5. Die Prüfung einer Ausweisung im Sinne von § 8 Abs. 2 AsylG idF BGBl. I 101/2003 war in verfassungskonformer Auslegung von § 8 Abs. 2 iVm § 44 Abs. 3 AsylG nicht vorzunehmen; dies im Hinblick darauf, dass mit erstinstanzlichem Bescheid - der damaligen Rechtslage entsprechend - keine Ausweisung verfügt wurde und der Asylgerichtshof auf Grund Art. 129c B-VG als Überprüfungsinstanz in Asylsachen eingerichtet ist und solcherart nicht zu einer - im Ergebnis - erstinstanzlichen Entscheidung über die Ausweisung eines Fremden zuständig gemacht werden darf. Verfassungskonform kann § 8 Abs. 2 iVm § 44 Abs. 3 AsylG nur dahingehend ausgelegt werden, dass eine Ausweisung nur dann vom Asylgerichtshof verfügt werden darf, wenn bereits die erstinstanzliche Entscheidung darüber abgesprochen hat.

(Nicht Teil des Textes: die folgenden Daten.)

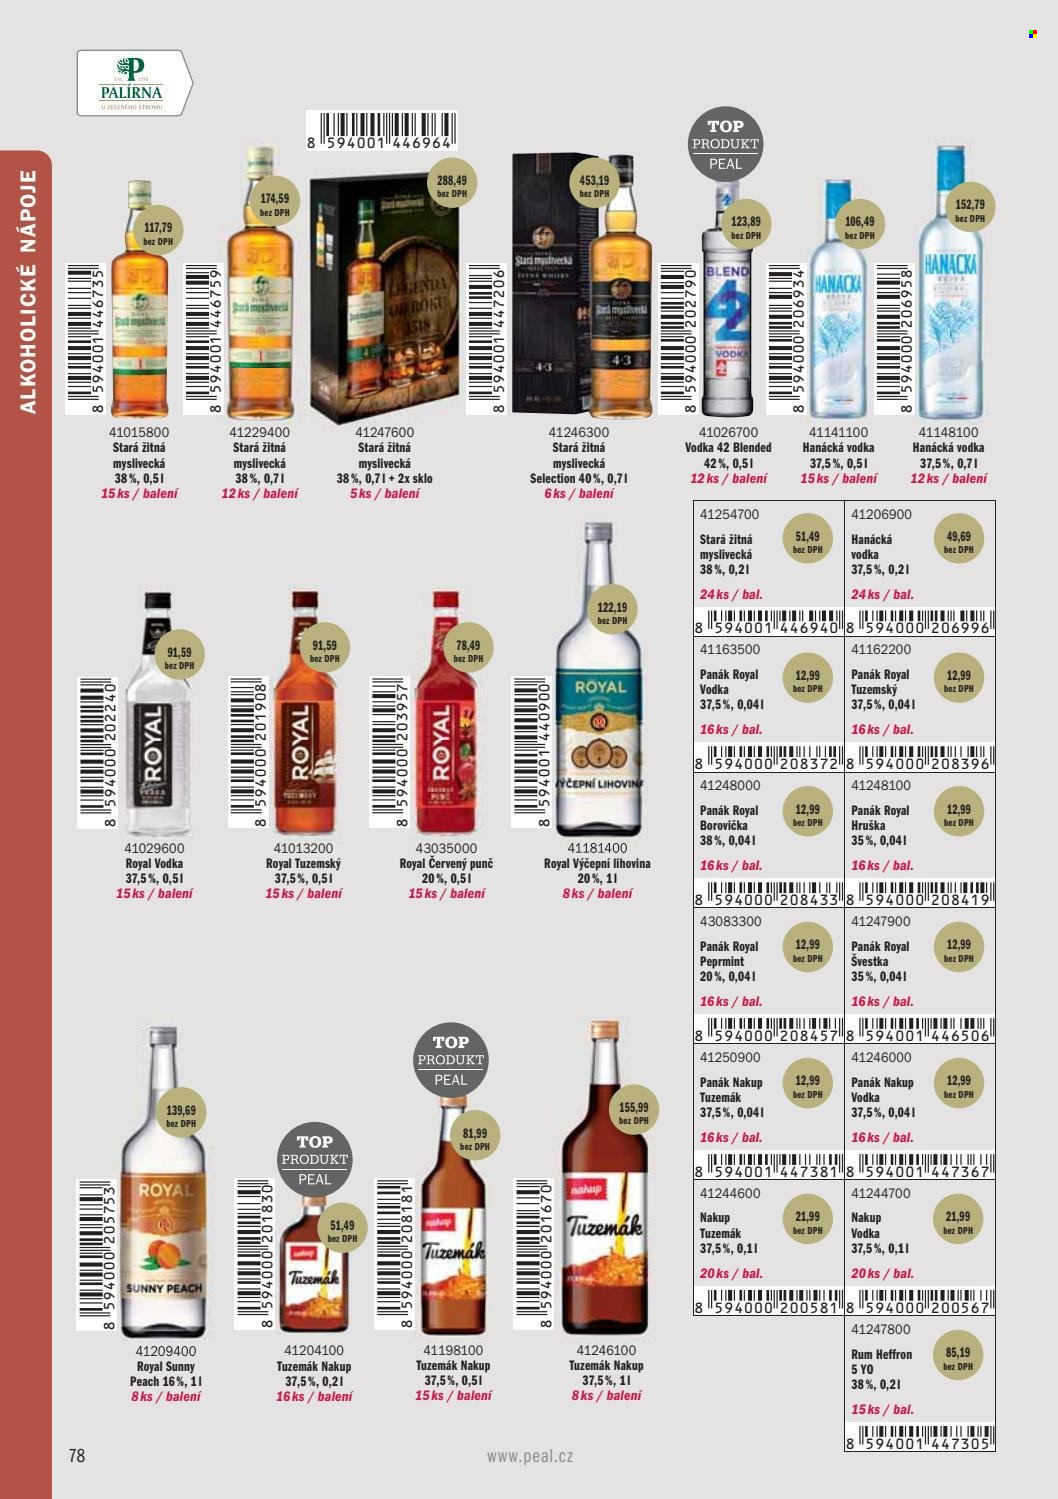 Leták PEAL - Produkty v akci - punč, alkohol, Stará Myslivecká, vodka, rum, Tuzemák, whisky, borovička, Vodka 42, Hanácká vodka, peprmintový likér, Heffron, Royal. Strana 80.

6. Der Sachverhalt ist zusammengefasst, wie dargestellt, aus der Aktenlage in Verbindung mit der Beschwerde, geklärt (entspricht der bisherigen Judikatur zu § 67d AVG) und sind somit schon aus diesem Grund die Voraussetzungen verwirklicht, von einer mündlichen Verhandlung abzusehen.
Es war daher insgesamt spruchgemäß zu entscheiden.